Dans l’Orient menacé de tant de déstabilisations violentes, l’intérêt des minorités n’est pas dans la « revanche », mais rejoint celui des sunnites : il est de défendre l’unité nationale et d’établir une relation de confiance avec les actuels gouvernants sunnites. C’est la condition pour qu’elles puissent se positionner avec force sur la scène politique et joindre leurs voix à celles des sunnites désireux d’inventer une nouvelle manière de faire nation, en conformité avec les slogans de la thawra de 2011.
De la conquête française à la chute de Bachar Al-Assad
- 1918 : Après le retrait des Ottomans de la Syrie, les troupes françaises débarquent en octobre pour occuper la côte syro-libanaise.
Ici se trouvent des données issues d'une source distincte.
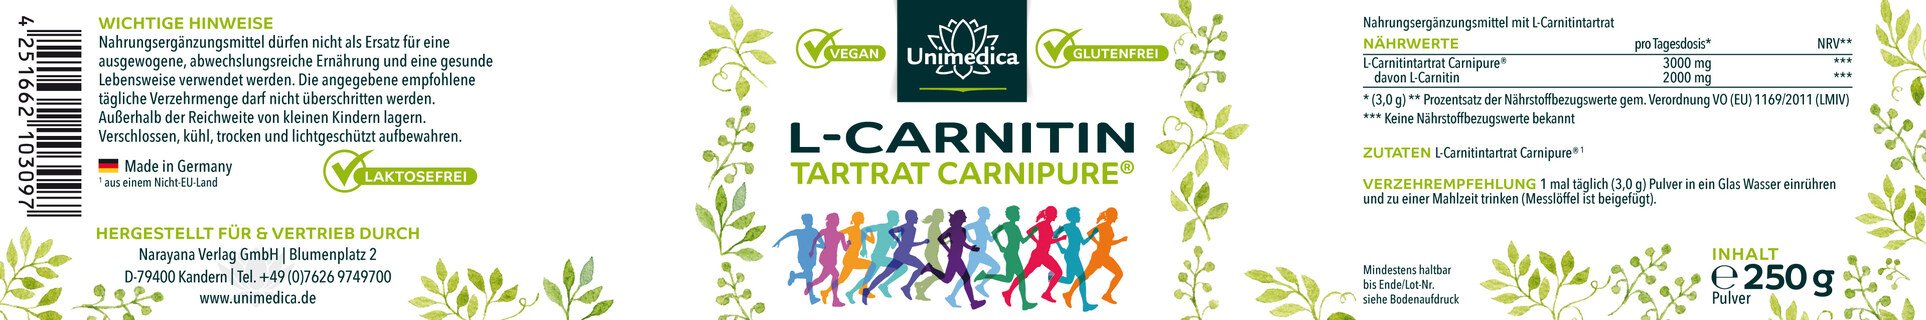 Tartrate de L-carnitine Carnipure® - 250 g - par Unimedica

- 1920 : Le 8 mars, le Congrès général syrien proclame l’indépendance du royaume arabe de Syrie. Fayçal Ier roi de Syrie. Le 4 juillet la Constitution est proclamée et le 24 juillet les Français conquièrent Damas.
- 1925-1927 : Grande révolte syrienne contre le Mandat français. Elle est dirigée par le chef druze Sultan Pacha Al-Atrache rejoint par les nationalistes de Damas.
- 1936 : Traité franco-syrien qui promeut le rattachement des territoires autonomes (druze et alaouite, ainsi que le sandjak d’Alexandrette) à Damas.
- 1946 : Le dernier soldat français quitte le territoire syrien. 17 avril, fête de l’indépendance.
- 1949-1951 : Suite à la création de l’État d’Israël et à la guerre de 1948, trois coups d’État militaires conduisent à une dictature militaire jusqu’en 1954.
- 1958-1961 : L’Égypte et la Syrie sont unies dans la République arabe unie (RAU).
- 1970 : Le général Hafez Al-Assad prend le pouvoir.
- 1981 : Annexion du Golan par Israël.
- 1982 : Insurrection de Hama, lancée par des Frères musulmans ; répression impitoyable : des dizaines de milliers de sunnites tués en trois jours.
- 2000 : Mort de Hafez Al-Assad le 10 juin. Son fils Bachar Al-Assad lui succède. Le régime maintient l’option sécuritaire dans le pays.
- 2011 : Début en mars d’un vaste mouvement de protestation contre le régime. C’est la thawra (révolte/révolution) séculière et pacifique qui est réprimée avec une violence inouïe.
- Septembre 2013 : Après que le régime Assad ait dépassé les lignes rouges données par le président étatsunien Barack Obama, le recul américain dans le soutien à la thawra marque l’entrée en scène des groupes islamistes et djihadistes soutenus par des pays du Golfe et par la Turquie.
- 8 décembre 2024 : Chute du régime des Assad. Hayat Tahrir al-Cham (HTC) et des factions islamistes alliées prennent le pouvoir sous la direction d’Ahmad Al-Charaa.
Les articles présentés sur notre site sont soumis au droit d’auteur. Si vous souhaitez reproduire ou traduire un article d’Orient XXI, merci de nous contacter préalablement pour obtenir l’autorisation de(s) auteur.e.s.
1Un sandjak est une ancienne division administrative de l’empire ottoman. Le sandjak d’Alexandrette a été cédé par la France à la Turquie en 1938 et est devenu le Hatay.
2Dans la communauté druze, seuls les hommes initiés à la doctrine ont accès aux textes sacrés, sont garants de l’identité religieuse du groupe et sont considérés comme des Sages. Aucune famille ne devant prétendre au monopole de la direction spirituelle de la communauté, le cheikh Al-Aql est une autorité religieuse lorsqu’il est reconnu par tout ou partie des initiés et des non-initiés ; des concurrences familiales et/ou politiques peuvent donc conduire deux ou trois cheikhs Al-Aql à coexister.
3« Réorganisation » en turc ottoman. Le terme désigne un ensemble de réformes modernisatrices entamées en 1839 par l’empire ottoman.